Run performance tests using the `run` command. This command accepts several options:

- `--config`: Path to a YAML configuration file (to override default parameters).
- `--counts`: List of record counts (default: `[100000, 200000, 300000]`).
- `--exporters`: List of exporters (default: `["CSV"]`).
- `--num-processes`: List of process counts (default: `[1, 4]`).
- `--versions`: List of `DATAMIMIC-ce` versions to test (default: `["1.2.1.dev2", "1.2.2.dev23"]`).
- `--iterations`: Number of iterations per configuration (default: `1`).
- `--script`: (Optional) Specific script filename to test (e.g., `test_datetime.xml`).

**Example command:**

```bash
datamimic-perf run --config config.yaml --counts 100000 200000 300000 --exporters CSV --num-processes 1 4 --versions 1.2.1.dev2 1.2.2.dev23 --iterations 1 --script test_datetime.xml
```

This command will:
- Parse JSON result files available in the `results` directory.
- Aggregate performance metrics by version.
- Produce an HTML report with data visualizations on throughput and memory consumption.

## Project Structure

```bash
.
├── pyproject.toml # Project configuration and dependency management.
├── README.md # This file.
└── app
├── main.py # CLI entry point using Typer.
├── report_components # Modules for data processing and report generation.
│ ├── data_processor.py # Processes throughput and memory data.
│ ├── interpolation.py # Provides interpolation utility functions.
│ └── report_generator.py # Generates the consolidated HTML report.
├── scripts # XML test scripts representing various data generation tests.
│ ├── test_datetime.xml
│ ├── test_entities.xml
│ └── test_entity_file.xml
└── utils
└── performance_utils.py # Performs performance measurements and test executions.
```

## Configuration

You can override the default testing parameters using a YAML configuration file. The configuration can include:
- `counts`: List of record counts.
- `exporters`: List of exporters to use.
- `num_processes`: List of process counts.
- `iterations`: Number of test iterations.
- `versions`: List of `DATAMIMIC-ce` versions to test.

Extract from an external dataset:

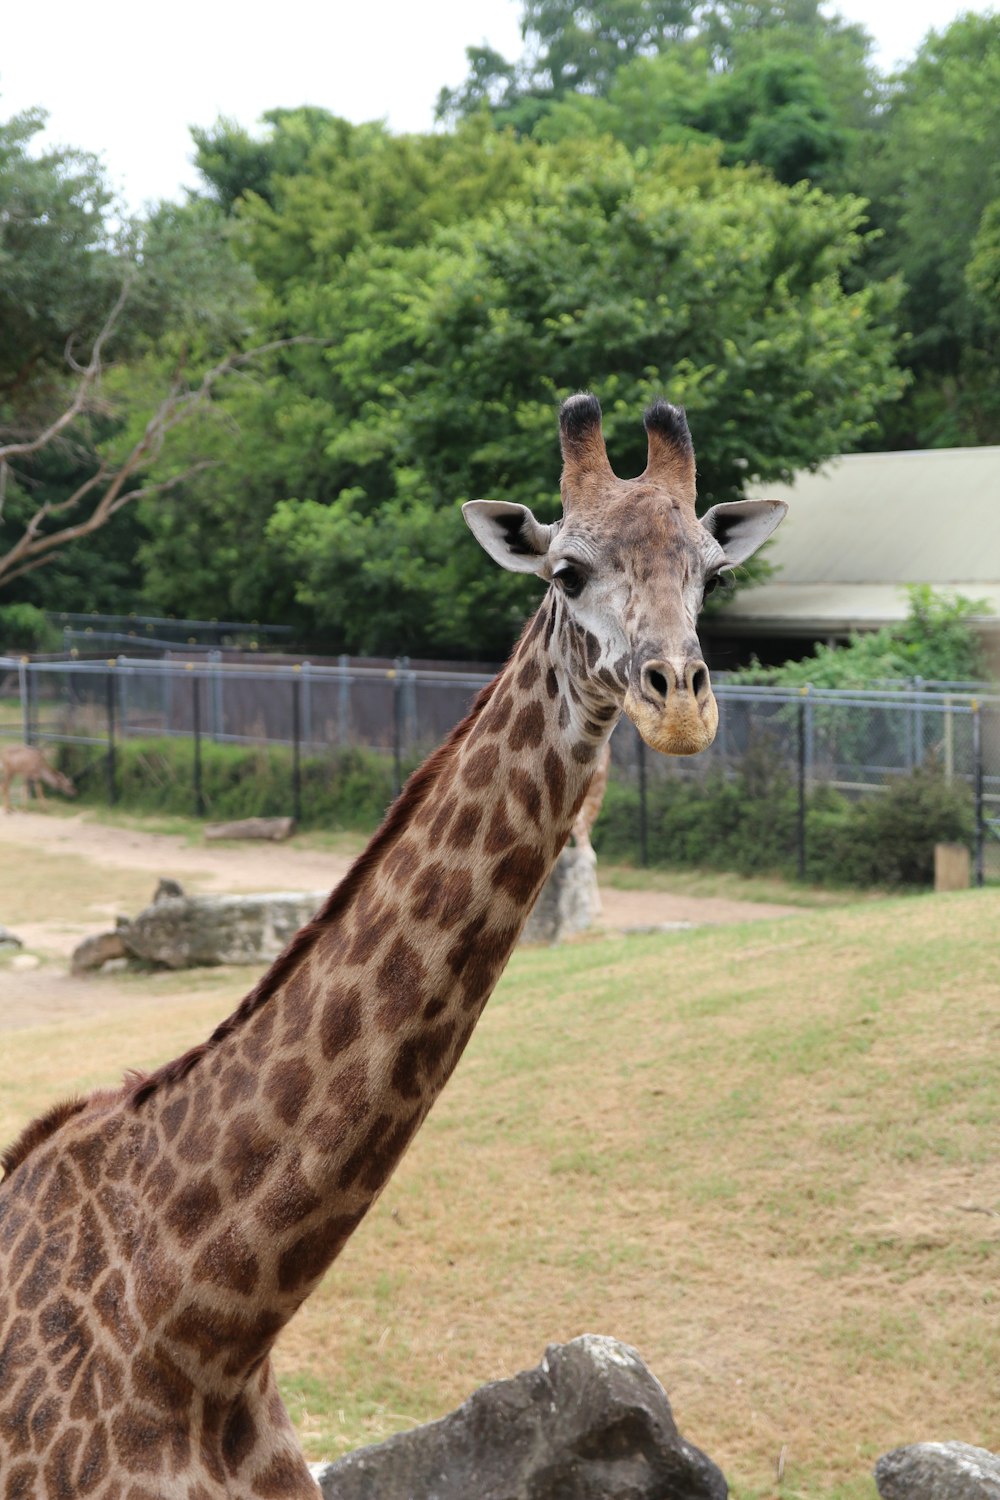 giraffe eating grass during daytime
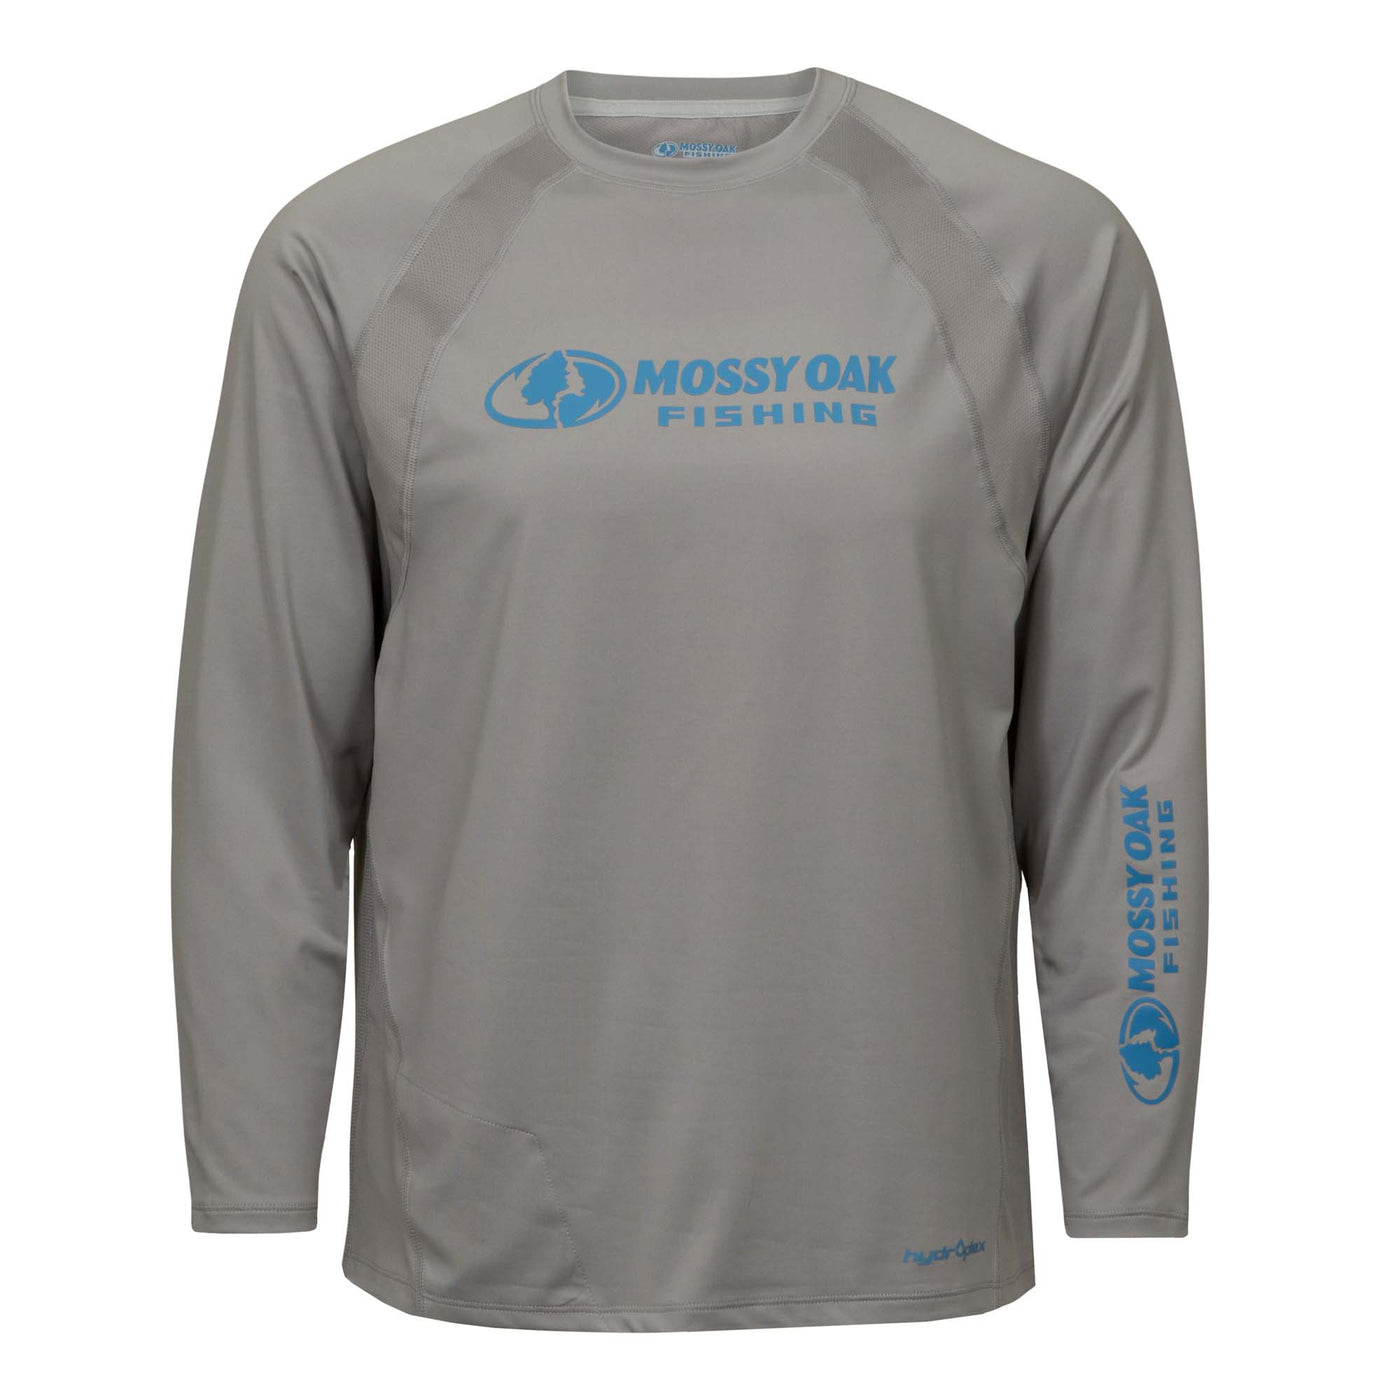 Mossy Oak Men's Standard Fishing Shirts Long Sleeve with UPF 40+

When the `--config` option is provided to the `run` command, these settings will replace the default parameters. Additionally, the `DATAMIMIC_VERSIONS` environment variable (if set) will override any version setting you pass.

## Contributing

Contributions are welcome! Please adhere to the following guidelines:
- **Do not remove or reduce existing documentation strings.** Improve them only.
- **Do not change input/output behaviors** of functions unless explicitly required.
- **Preserve the existing logic** while proposing improvements for better architecture and maintainability.
- When writing unit tests, follow Ian Cooper’s TDD approach:
  - Reuse existing unit test utilities.
  - Create new ones if needed.
- Ensure that all your changes are well tested.
- Before submitting pull requests, please run all tests to avoid breaking any functionality.

## License

This project is licensed under the MIT License. See the [LICENSE](LICENSE) file for details.